10 commandments


The Christian values that have been evident in raising the United States to a position of envy by the rest of the world seems to be slowly going away. The values that are emphasized in the Bible were not used only by Christians. Those values have normally been practiced by people who do not claim to be Christians. It seems to me that many of the departures are the result of: (1) changing laws that were useful, (2) interpretation of laws that we already have, and (3) little or no attempt to enforce some of the ones we currently have.

An example of the first is that Congress weakened the monopoly laws that could have been used so that financial institutions would not be “too big to fail.” The banking laws were changed so banks could invest in things that used to be considered too risky. That seems to have been a major influence in the worldwide financial collapse.

The Supreme Court has been active in the second by changing definitions in our language. Examples: Corporations are treated as humans, money is the same as votes, a penalty is a tax. Also, the court did not allow Congress to put into words what has been practiced since Utah became a state. Each of these examples show changes instituted by the Supreme Court that have affected our social lives and contributed to confusion and division among us.

The third is shown by the president authorizing opposition to a state that attempted to help slow down illegal entry into the United States. He also has shown selective enforcement of the current laws dealing with the same illegals.

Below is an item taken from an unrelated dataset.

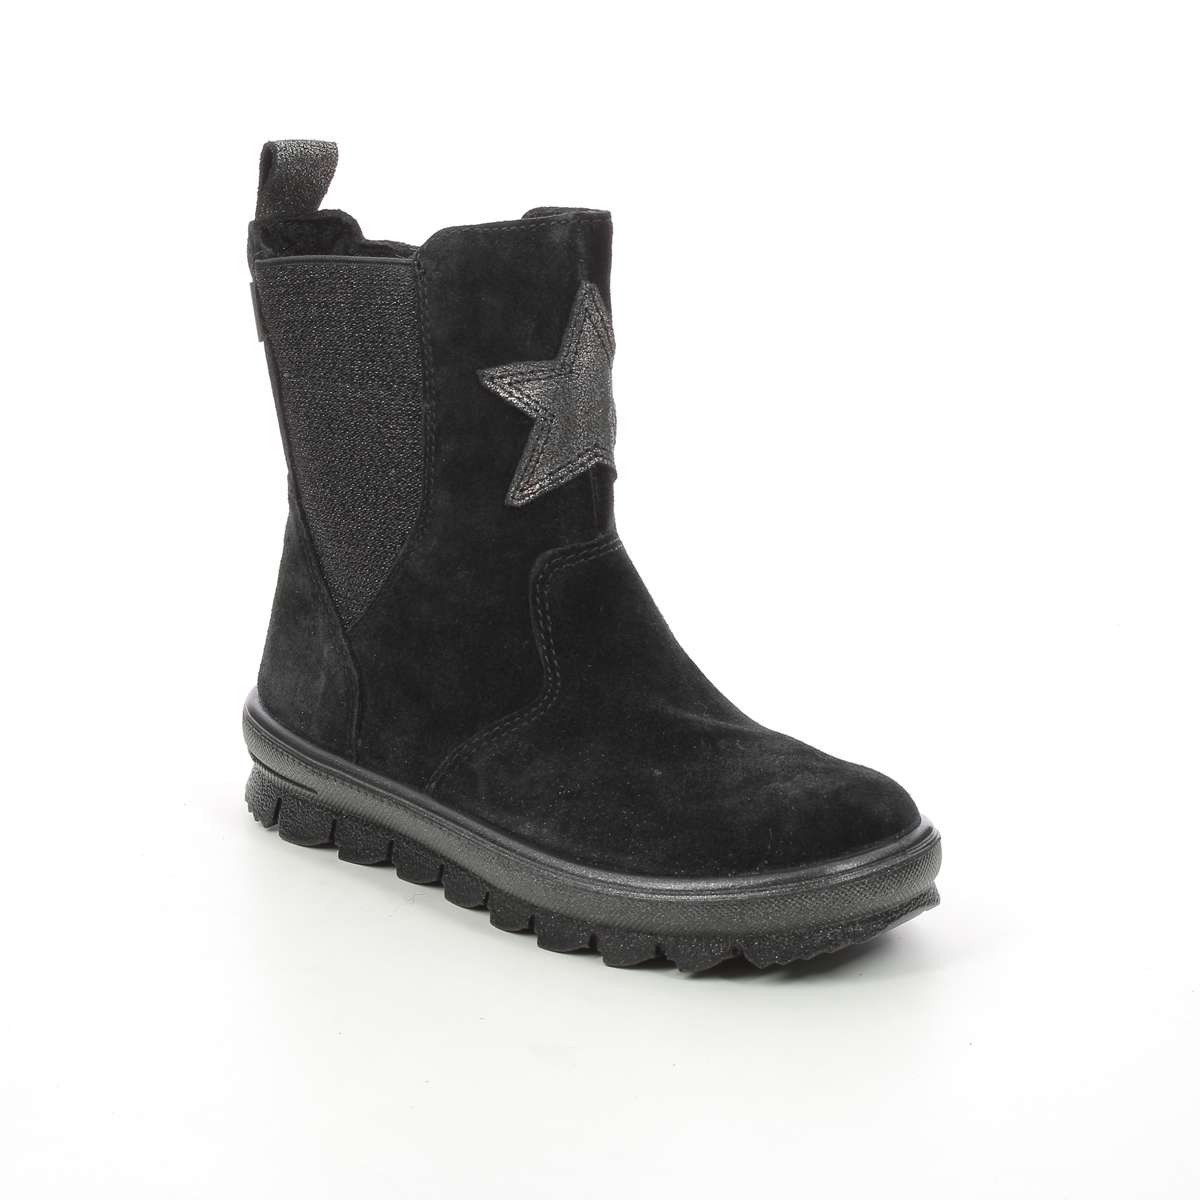 Superfit Flavia Star Gtx Black Suede Kids Girls Boots 1000217-0000 In Size 26 In Plain Black Suede For kids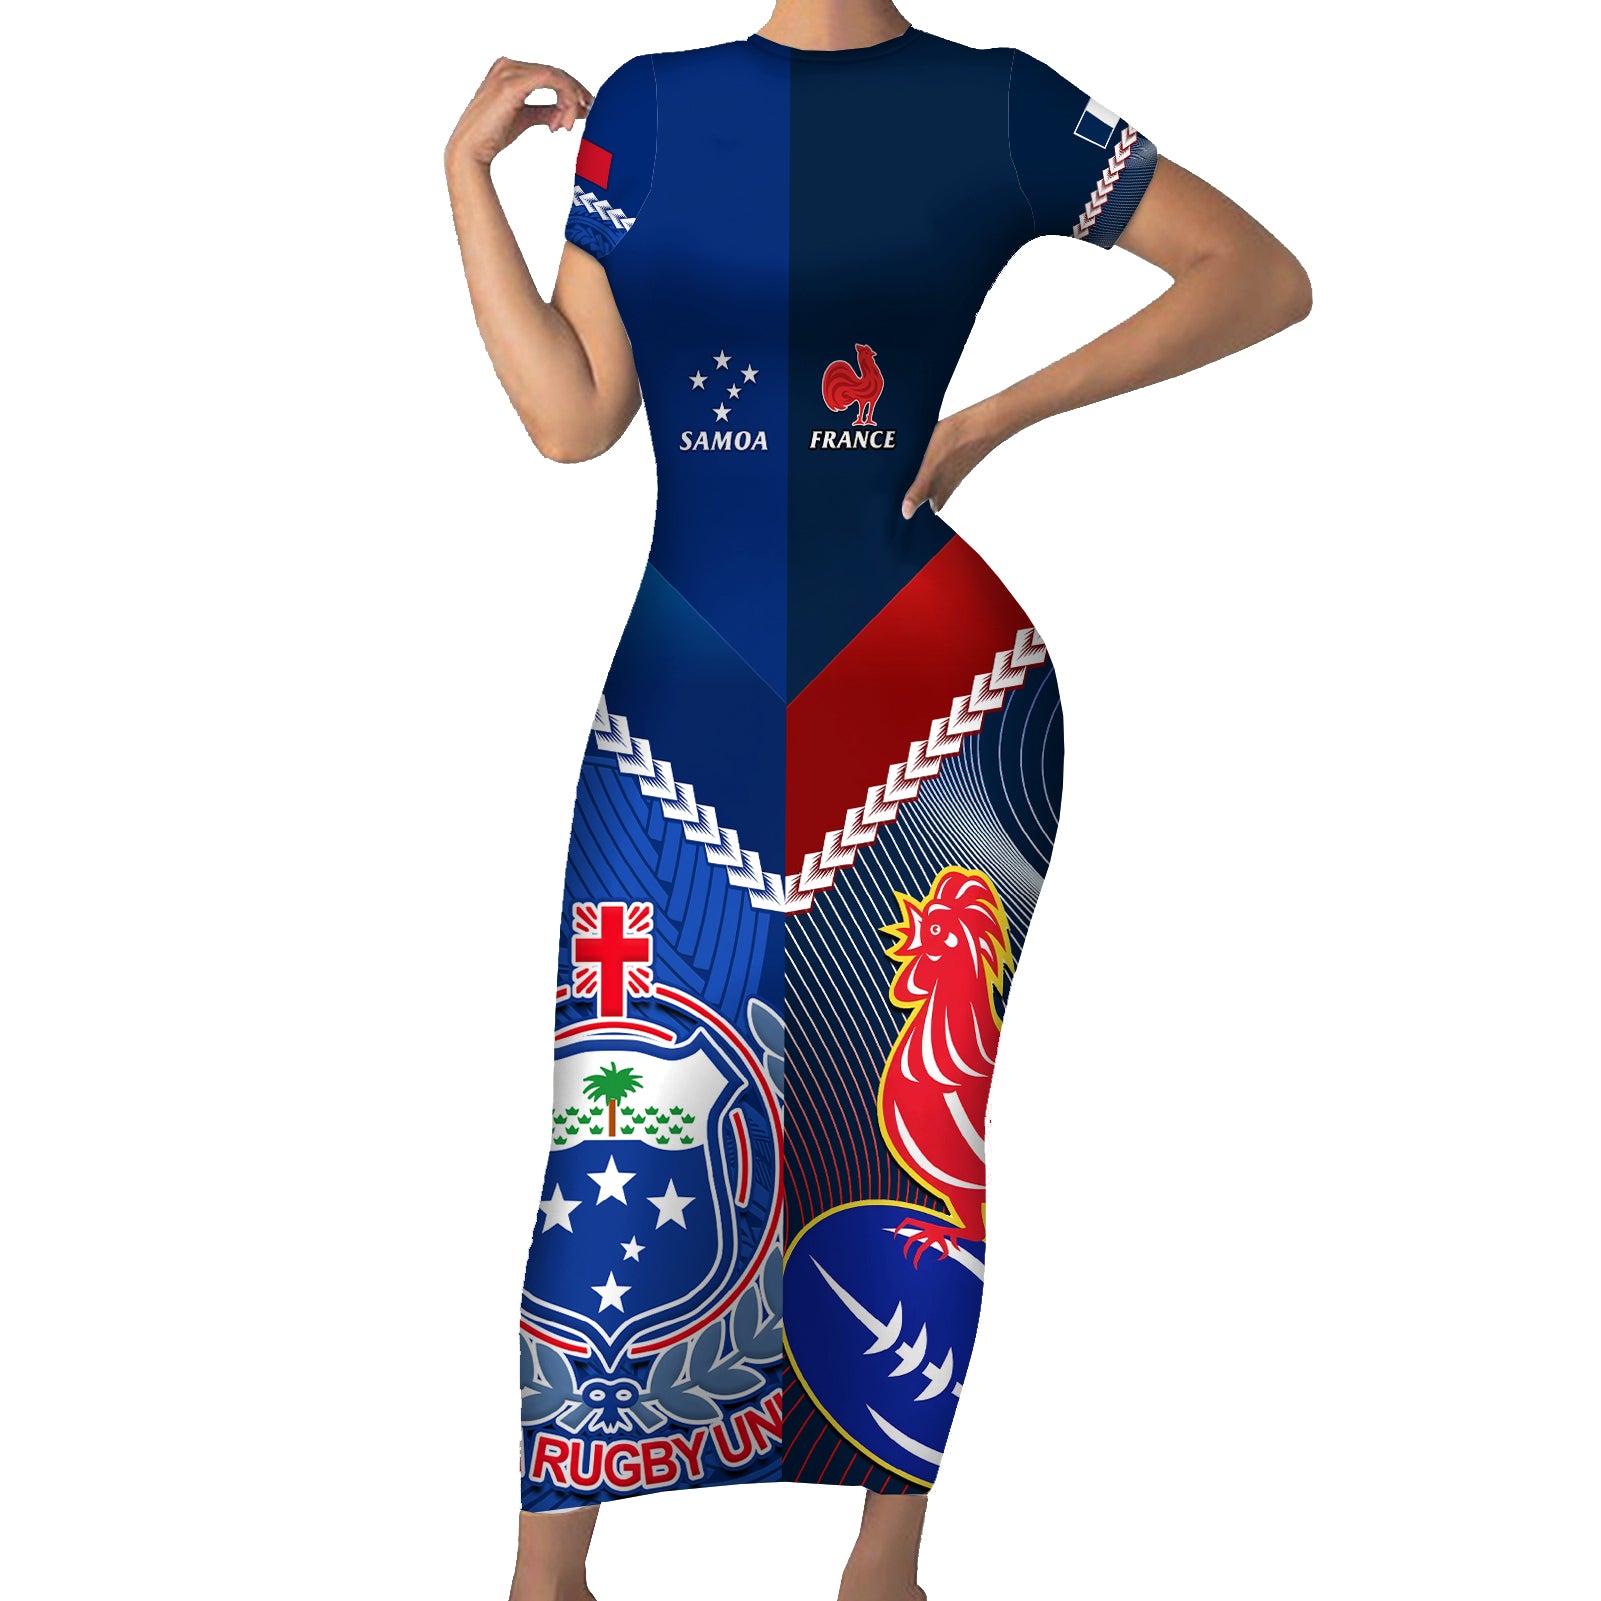 samoa-and-france-rugby-short-sleeve-bodycon-dress-2023-world-cup-manu-samoa-with-les-bleus

The court ordered a judge remove a copy of the Ten Commandments from a courthouse. Most of our laws are based on the Ten Commandments and the justice system seems to ignore that relationship. The so-called “separation of Church and State” has been interpreted so that we no longer have freedom of speech regarding the Christian “religion.” An example is that the Bible is discouraged or banned from being used by public school students and/or school personnel.

The Ten Commandments have been reduced to two relationships: Love God and love your neighbor. The fact that not everyone does both does not mean that we should ban those relationships from a major part of our society.

However, laws that are imperfect can be changed, even parts of a law can be changed and the rest left in place. If you believe that some of our laws need to be changed then contact your elected representatives who are responsible for making the changes and encourage them to do so.